A drawback of CFGs is that the number of rules grows exponentially when agreement in sentences needs to be taken into account. Figure 2.4 demonstrates how the number of rules doubles as a single dependency (subject and verb number agreement) is added to the grammar.
Definite Clause Grammars (DCGs) overcome this problem by allowing first-order terms as nonterminals. Each dependency is then added as an extra argument to each first-order term.
Figure 2.5 shows a similar version of the grammar in Figure 2.2 except it is now in DCG format with the agreement between the number of the noun and the number of the verb added as a parameter to each rule.
This example DCG allows the sentence ``bob flies'' but not the sentence ``bob fly'' and no extra grammar rules were needed to be added to ensure this.

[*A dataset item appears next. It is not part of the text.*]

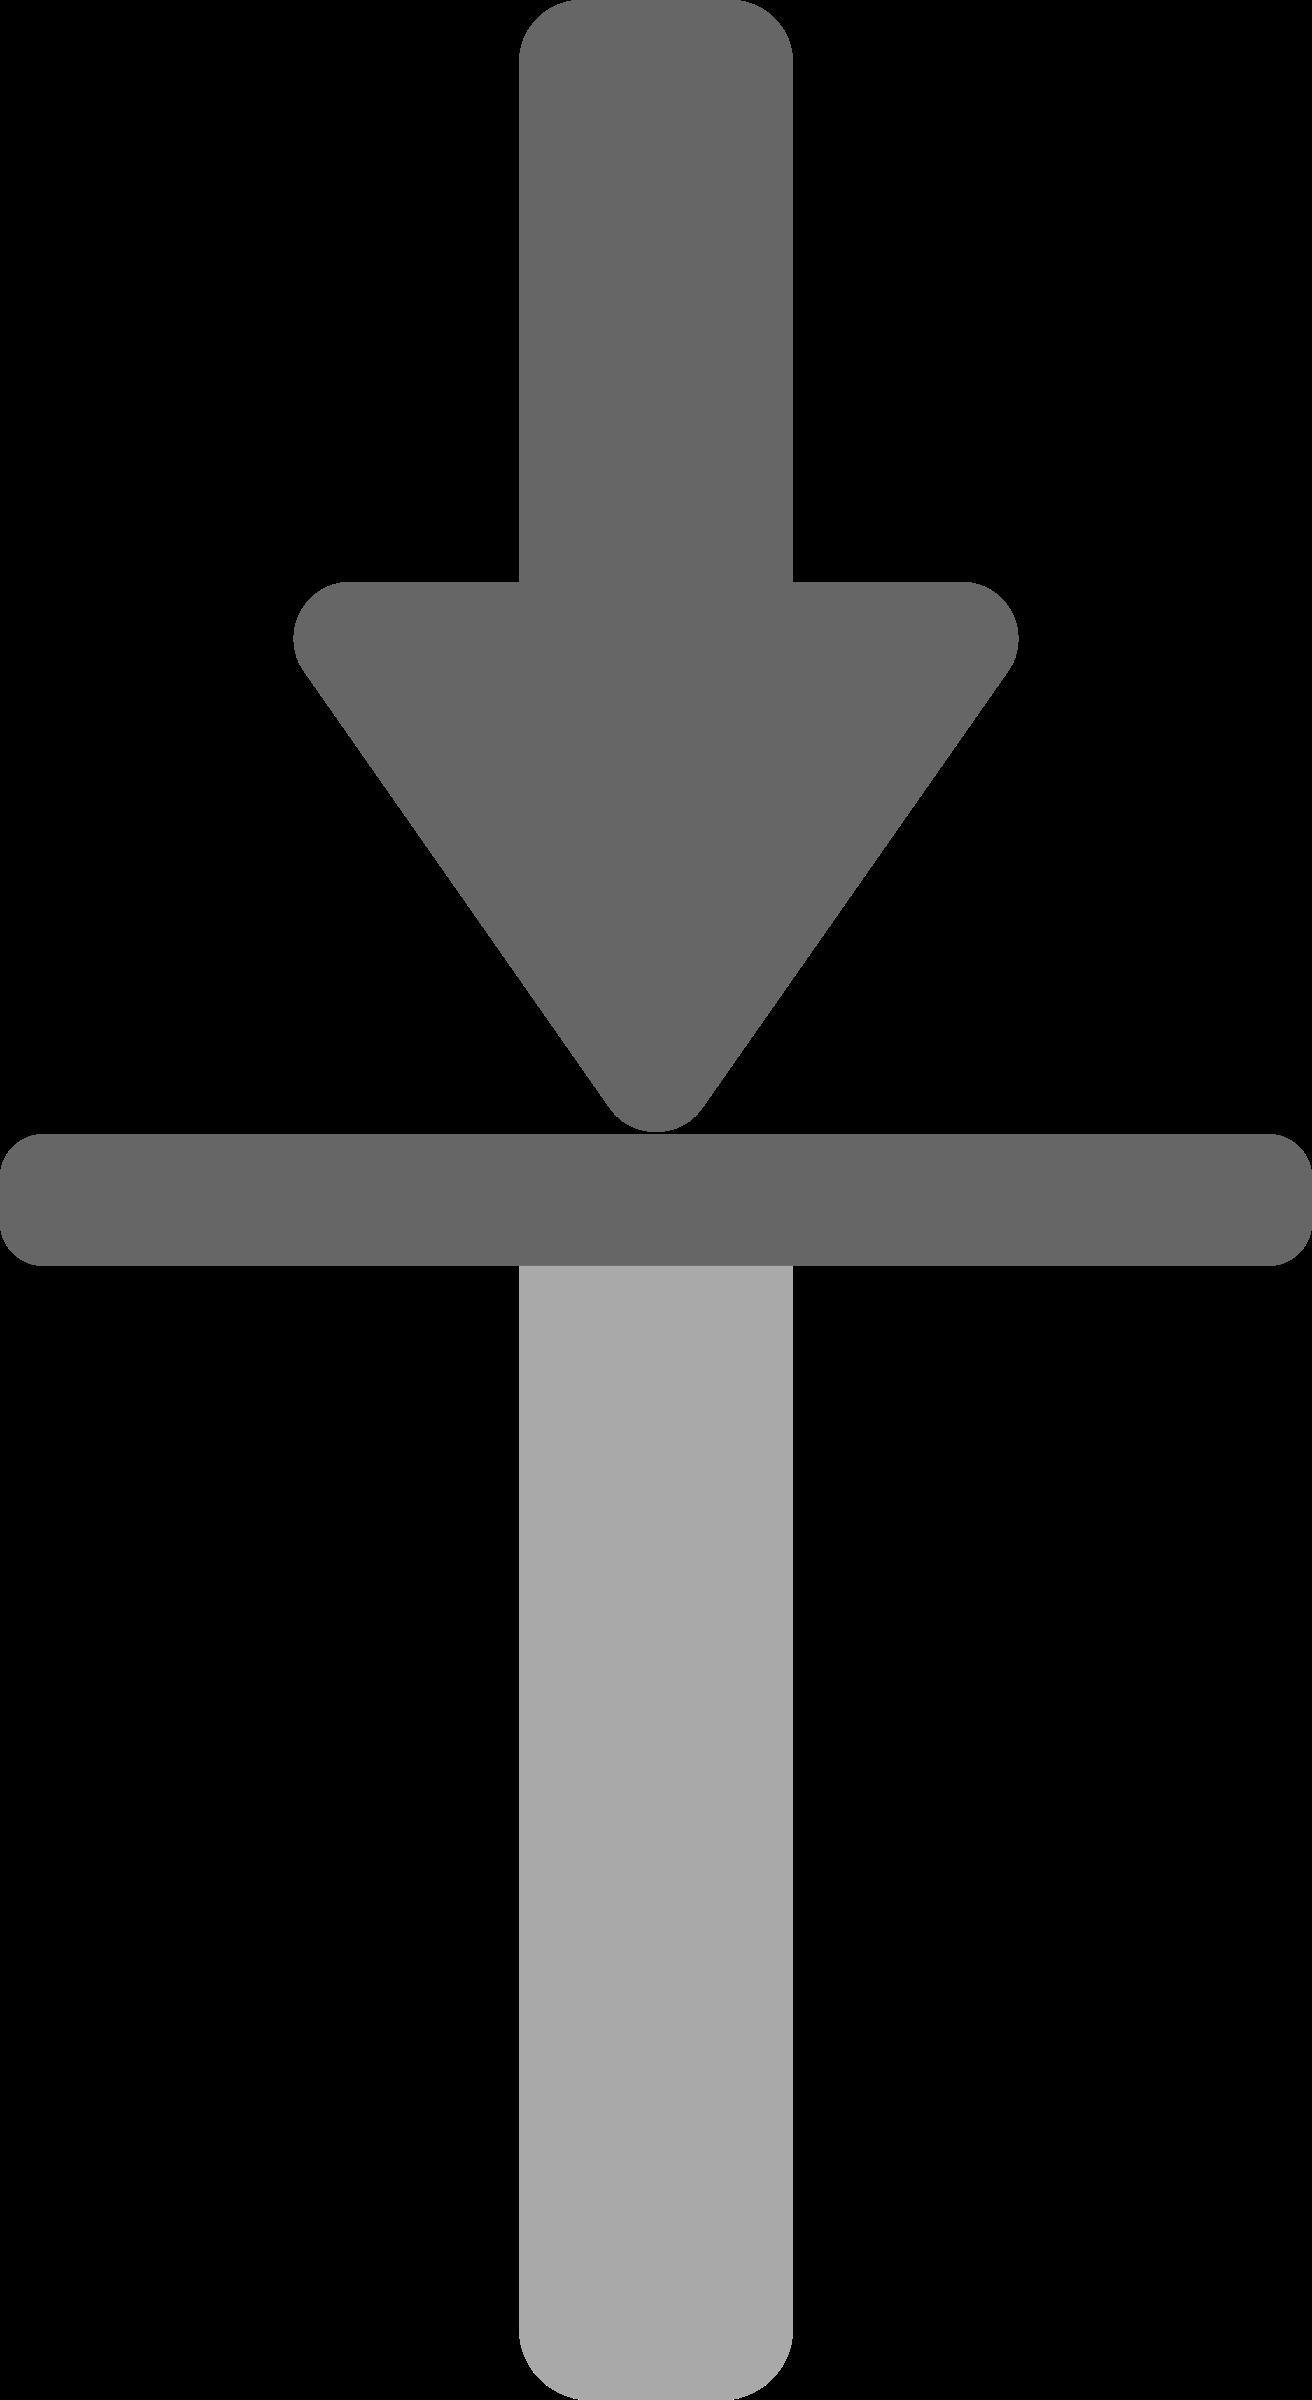 Input icon big image. Clipart road arrow

The power of DCGs compared to that of CFGs should be apparent, but it should be noted, however, that in order to retain the properties that CFGs held, it is necessary to restrict the number of values each DCG argument may take. If this is not done, if the DCG is rewritten as a CFG (as it is always possible to do) it would be possible to write infinitely many rules, and thus not conform to the definition of a CFG (a finite set of derivation rules within the four-tuple).
One disadvantage of the DCG approach is that to extend a grammar each rule must be changed because of the fixed arity of each predicate, and an extension of the DCG approach is to have a single argument to each predicate that is a list of the DCG arguments. With this now fixed arity, only the necessary rules need be extended with an extra argument added to their list.